WORK ITEM
From the listing below, copy only the lines running from the line that contains "Minecraft Top 10" to the line that contains "Hotel manoir victoria", both included.
[[ PROVIDED RECORDS, beginning ]]
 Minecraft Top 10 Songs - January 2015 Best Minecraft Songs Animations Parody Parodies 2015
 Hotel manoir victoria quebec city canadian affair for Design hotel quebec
[[ PROVIDED RECORDS, end ]]
[[ PROVIDED RECORDS, beginning ]]
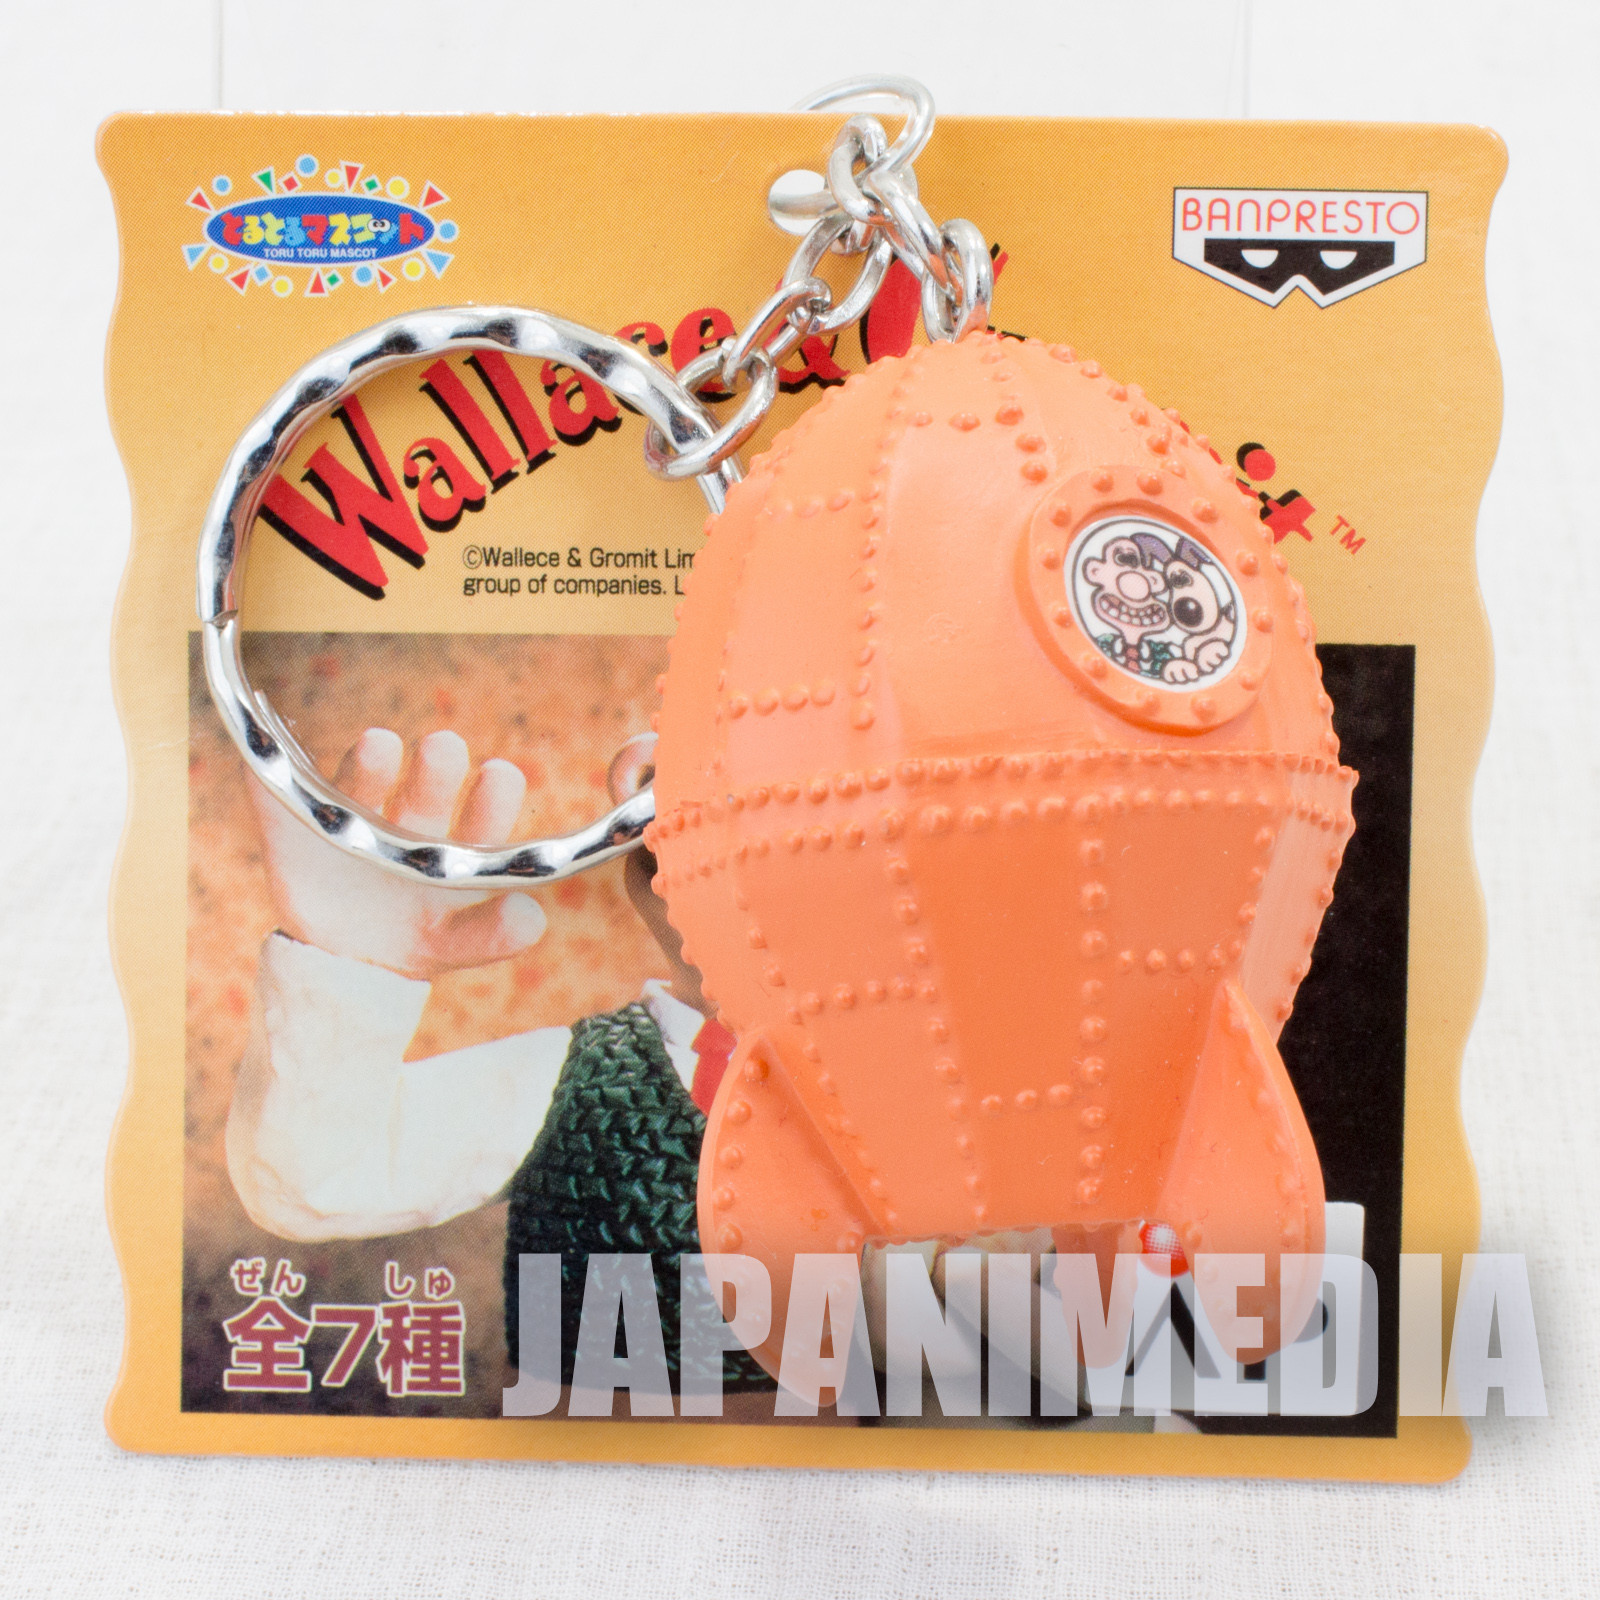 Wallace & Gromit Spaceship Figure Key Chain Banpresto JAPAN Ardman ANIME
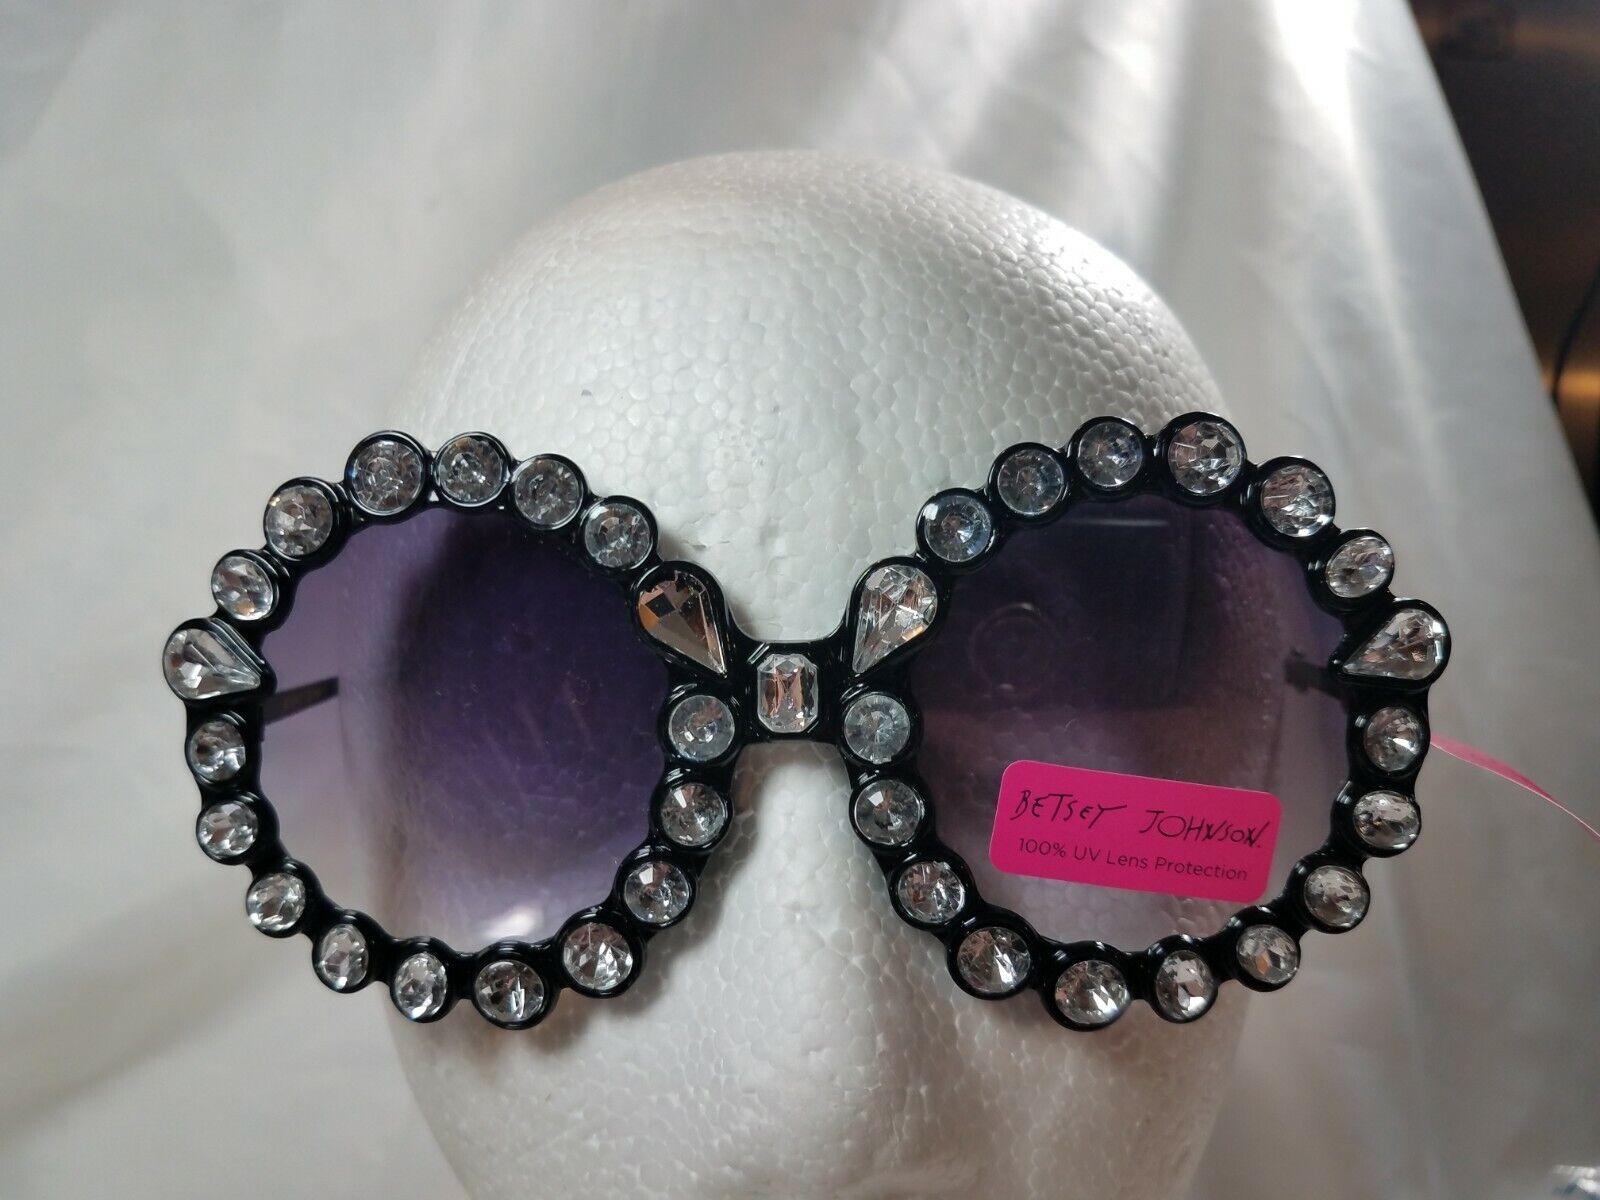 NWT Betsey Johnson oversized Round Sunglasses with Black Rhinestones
[[ PROVIDED RECORDS, end ]]
ANSWER SPACE
 Minecraft Top 10 Songs - January 2015 Best Minecraft Songs Animations Parody Parodies 2015
 Hotel manoir victoria quebec city canadian affair for Design hotel quebec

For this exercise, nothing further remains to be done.